I had a chat with said trainee afterwards; their concern mainly revolved around risk. My view is that you can’t become a partner if you are not comfortable with some risk – no business can be run with zero risk.

Given the profile of some of the people I went to medical school with, I’m not all surprised that there are GPs who don’t want to be partners under any circumstance. That’s fine and everyone is different. If the partnership model is to survive, it’s the people like me – the maybes but not now – who need convincing. There’s a lot of work to be done on that front.

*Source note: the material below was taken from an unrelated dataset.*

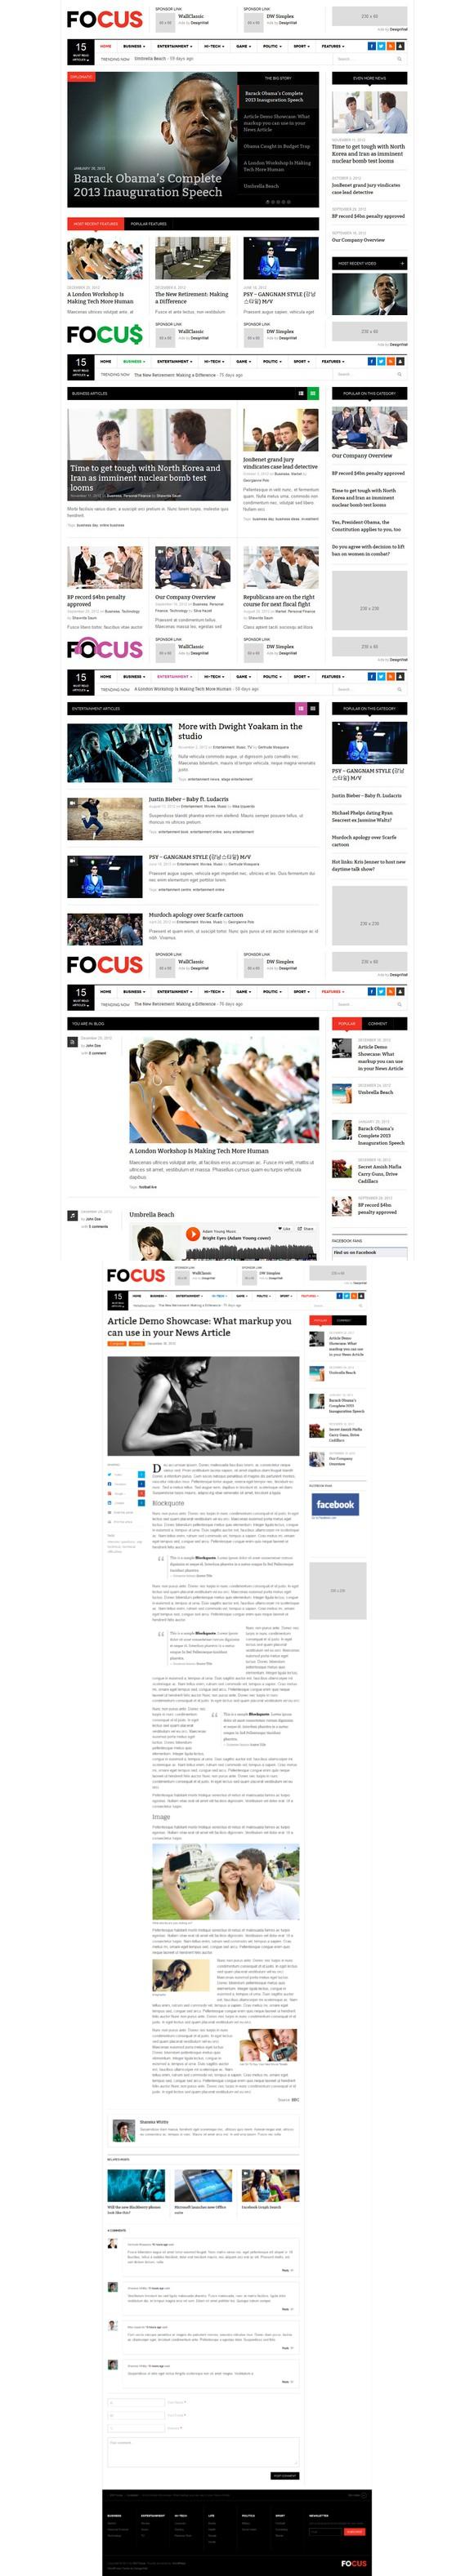 DW Focus - Responsive WordPress News. Bootstrap Templates. $49.00 ...

What bothers me about the document on myth busting is that many of the potential benefits described could equally be said of being a salaried GP in a good practice – such as autonomy and continuity of care. Some issues specific to partnership were addressed, like income from drawings, but I thought the whole document would be that specific. Perhaps the authors’ intention was to be broad… or it’s just that positives are in short supply currently.

As a partner, I should be offered pay and conditions to make working eight sessions a week worthwhile

A key personal concern with partnership – assuming the main source of revenue is from a GMS contract – is that the payments are subject to the whims of the government of the day. There’s some protection from a trade union negotiating that contract, but as a junior doctor currently working under a contract I didn’t vote for, that’s little comfort.

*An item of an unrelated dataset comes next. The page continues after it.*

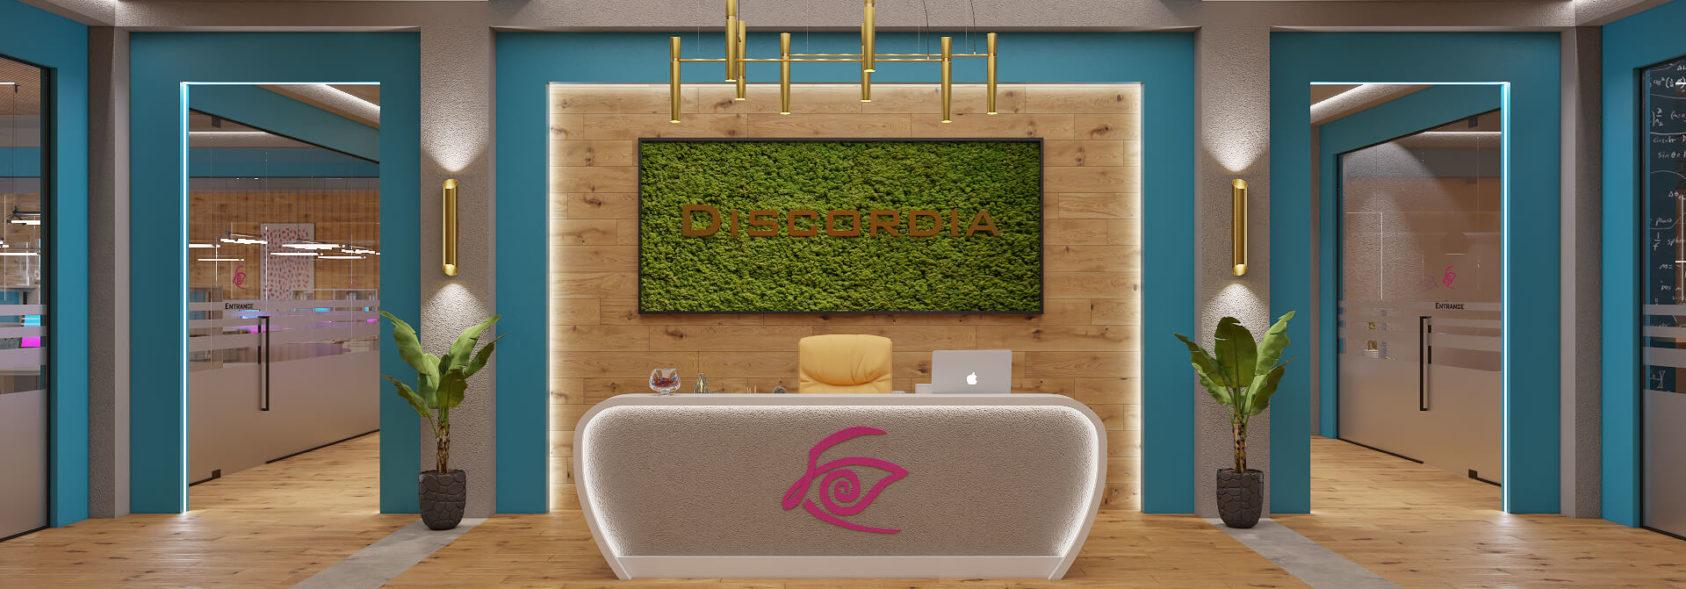 Дизайн офиса Киев

Another problem is costs. Right now, indemnity costs appear to do nothing but rise and if a practice wants to recruit and retain staff then it is obliged to meet these. Usually a business can adjust for increased costs by raising prices to the customer, streamlining the goods or services it offers or making changes to payroll costs – for example, reducing hours of work, holding back wage rises or laying off staff surplus to requirements. But in NHS general practice, there are no prices to raise, we can’t cherry-pick the most profitable patients and currently the primary care workforce isn’t growing so the balance of power lies with employees.

Workforce is the key reason I don’t plan on entering a partnership any time soon. Primary care doesn’t have the oligopoly on GPs in the way secondary care does on hospital consultants. As a partner, I should be offered something in pay and conditions to make working eight sessions a week worthwhile. Under the current framework, I can’t see how I could do so and make the liabilities of being a partner worth it.